In Ontario (Auditor General) v. Laurentian University (Ont CA, 2023) the Court of Appeal considered various claims of privilege (primarily, solicitor-client and litigation privilege) in opposition to an Auditor-General's application, here for a declaration pursuant to grant-recipient (an insolvent university) disclosure duties under the Auditor-General Act [s.10].

These quotes consider when a statute excepts privilege::
[14] The application judge observed that solicitor-client privilege is a “civil right of supreme importance” that must “remain as close to absolute as possible” to be effective. The application judge held that while privilege can be abrogated by statute, the language of any statutory provision must be explicit and demonstrate a clear and unambiguous intent to do so, citing Alberta (Information and Privacy Commissioner) v. University of Calgary, 2016 SCC 53, [2016] 2 S.C.R. 53, at para. 17. Furthermore, open-textured language will not be read to include privileged information: Canada (Privacy Commissioner) v. Blood Tribe Department of Health, 2008 SCC 44, [2008] 2 S.C.R. 574, at para. 11.

[15] As such, the question was whether ss. 10 and 27.1(3) of the Act demonstrated a clear, explicit, and unambiguous intention to abrogate solicitor-client, litigation, and settlement privilege. The application judge ultimately concluded that it did not.

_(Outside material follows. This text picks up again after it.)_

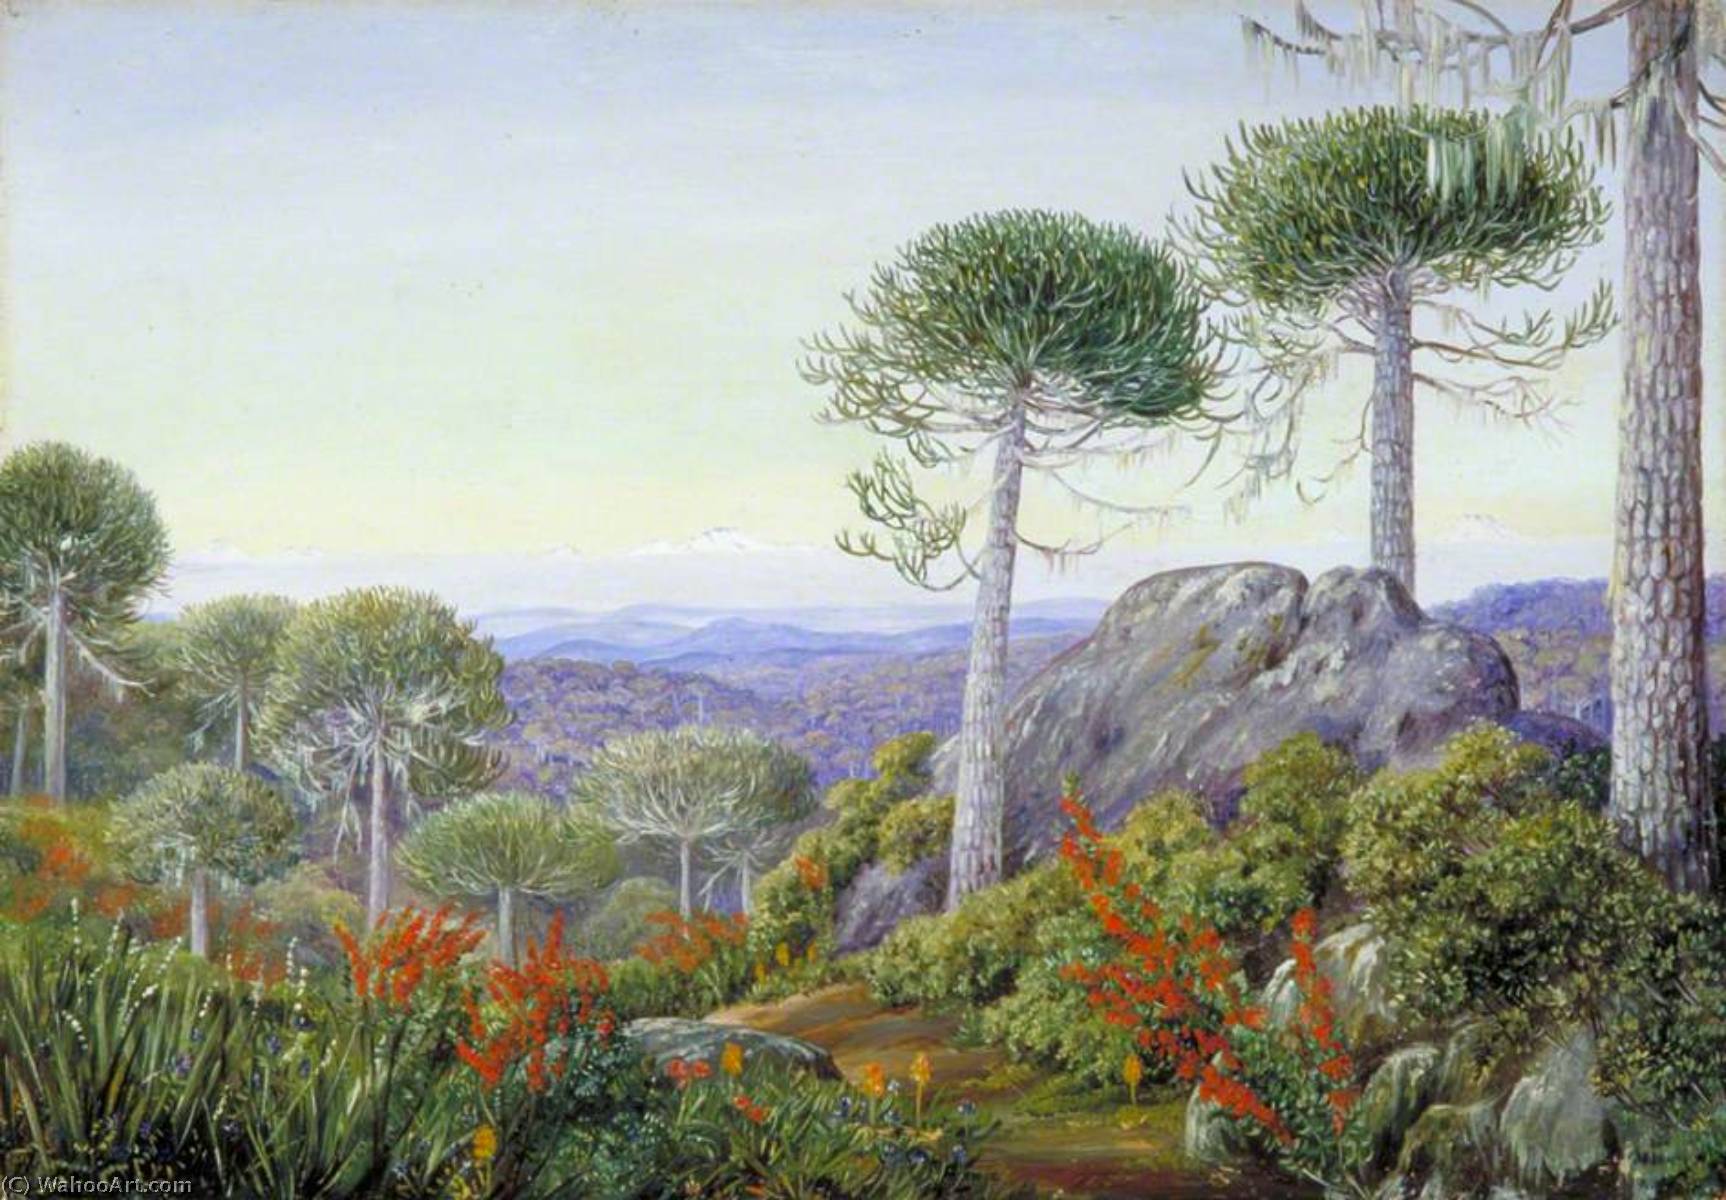 WikiOO.org - 백과 사전 - 회화, 삽화 Marianne North - Seven Snowy Peaks Seen from the Araucaria Forest, Chili
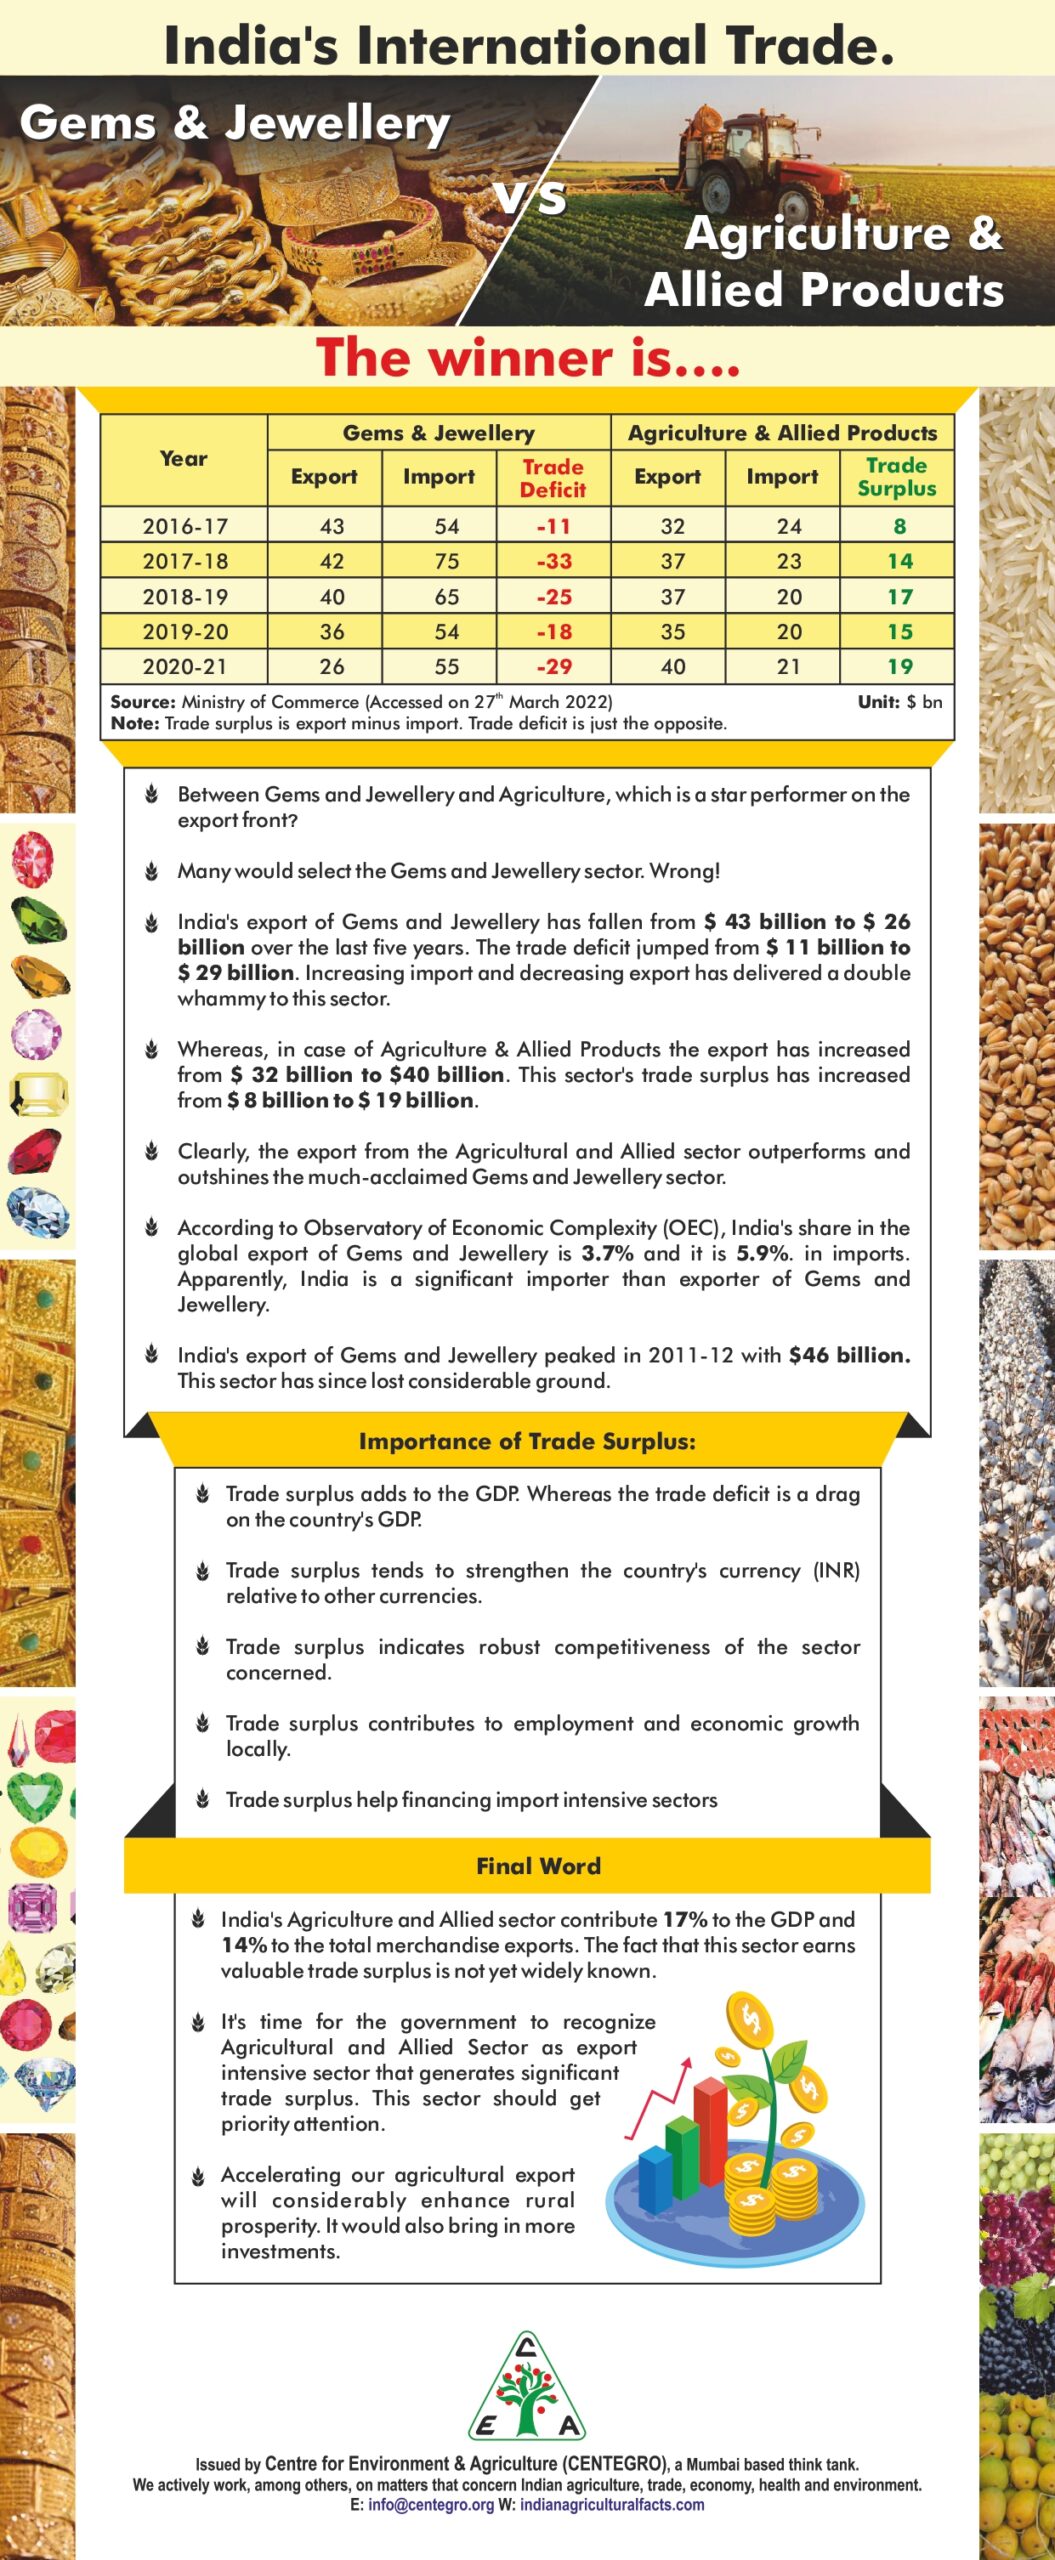 indias international trade gems and Jewellery vs agriculture and allied products infographic_page-0001

[16] The application judge first looked to the legislative history. In 2004, Bill 18 amended the existing Audit Act, R.S.O. 1990, c. A.35, to include ss. 10(3) and 27.1(3). There were three prior attempts to amend the Audit Act, none of which expressly referred to privilege or contained any provision resembling the current s. 10(3). After reviewing the Hansard debates on Bill 18 when it was introduced, the application judge concluded that Bill 18 was understood to be substantively similar to the previous bills, and that there was no reference to any intention to abrogate privilege. Consequently, the legislative history of ss. 10(3) and 27.1(3) suggested that the legislature did not intend to give the Auditor General authority to compel the production of privileged documents.

[17] The application judge also rejected the Auditor General’s arguments based on extrinsic aids. These aids included the 2003 Interim Protocol on Access by the Office of the Provincial Auditor of Ontario to Privilege Documents (the “2003 Interim Protocol”), which provided that the Auditor General could have access to all documents subject to solicitor-client privilege, litigation privilege or settlement privilege required by the Provincial Auditor to perform his or her duties under the Audit Act. However, the application judge noted that the 2003 Interim Protocol predated the 2004 amendments to the Audit Act. Moreover, the comments in the 2003 Interim Protocol are not reflected in Bill 18.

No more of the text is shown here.